The proclivity of the present-day U.S. leadership and its capitalist elite to engage in human destruction to serve its self-interest is even greater today; thanks to the vastly enhanced firepower that it now commands.
And for all their outward sophistication, the Bush-Cheney- Rumsfeld-Rice quartet should not be expected to have any moral qualms about engaging in any course of action to achieve its ends.
The U.S. is now prepared to bury the UN in the same way that Hitler's Germany buried the League of Nations. Worse still, the U.S. is even prepared to subvert the system of international law in the pursuit of its goals. Even truth is unlikely to be spared, as the U.S. manipulates its domestic and international media to suppress and distort the news that does not serve its interests.
Given U.S. superiority, the war is certain to be short and decisive. A U.S.-controlled administration is likely to be set up in Baghdad. The Organization of Petroleum Exporting Countries is likely to become irrelevant as the U.S. Department of Energy dictates oil production levels and prices.
Low and stable oil prices would boost U.S. and oil-consuming economies at the expense of oil-producing states. Washington is likely to turn the tables and use the oil weapon against the oil- producing countries. It is likely to use low oil prices as a means to subvert the economies of Iran and Saudi Arabia. The defeat of the Muslim world is likely to be complete.

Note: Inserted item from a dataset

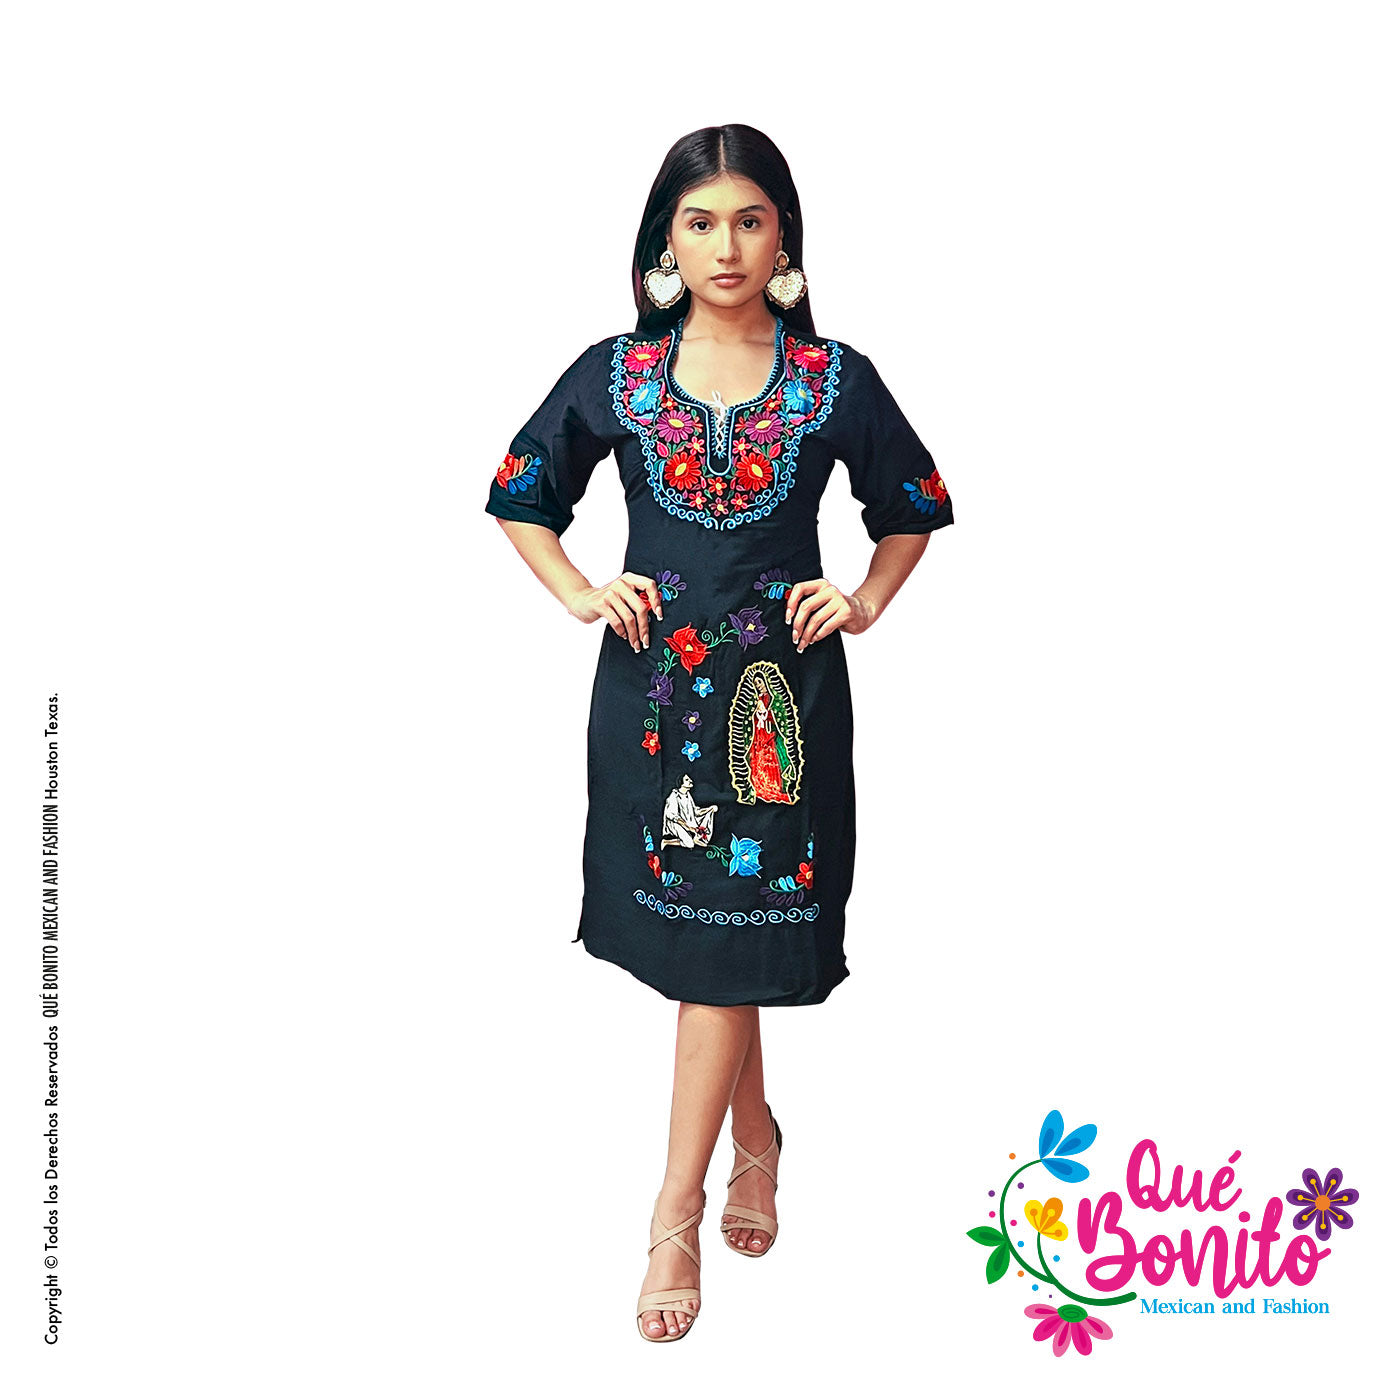 Traditional Virgen de Guadalupe Dress Que Bonito Mexican and Fashion

However, the onus of responsibility lies as much on the Muslim states as on the U.S. After all, the U.S. has been acting in pursuit of its self-interest, howsoever reprehensibly.
Now, have the Muslim states been acting in pursuit of their national self-interest? Unfortunately, no. The response of the Muslim governments to the U.S. aggression has largely been insipid. The Arab summit collapsed amidst internal bickering and name-calling and the Organization of Islamic Conference and the Non-Aligned Movement adopted hollow resolutions.
Muslim leaders and generals have all been paper tigers subsisting on bombast. Col. Gamal Abdel Nasser thundered threats at Israel, but humbled himself in less than a week. Saddam Hussein called the 1991 war with the U.S. . the "mother of all battles", but failed to give a fight and was forced to accept a humiliating inspections regime.
Nearly all Muslim states are iniquitous and unjust societies, with governments that are monarchies or military dictatorships with a narrow power base among the traditional military, landed, business, and religious elite.
With the rare exception of a handful of countries, say Malaysia, almost all Muslim states are ruled by repressive regimes and are at war with their own peoples. They have built up their military forces that are fit for ceremonial parades and for conquering their own people.
They desperately need U.S. support to survive and to save them from the people. This perhaps explains how the U.S. is always able to so easily manipulate Muslim governments to serve its purposes.
These elites have built mosques and mausoleums instead of universities and centres of learning. They have kept their people locked in illiteracy and ignorance. That the Muslim world is today no match for the scientific and technological prowess of the U.S. is not at all surprising.
If the Muslim world is to find a dignified place in the world order, it will first have to establish a domestic order that ensures a dignified place for its citizens. This will require the establishment of social welfare states with truly democratic regimes. And this will, per force, necessitate the sweeping away of the traditional military, landed, business, and religious elite that are today tied to U.S. apron strings.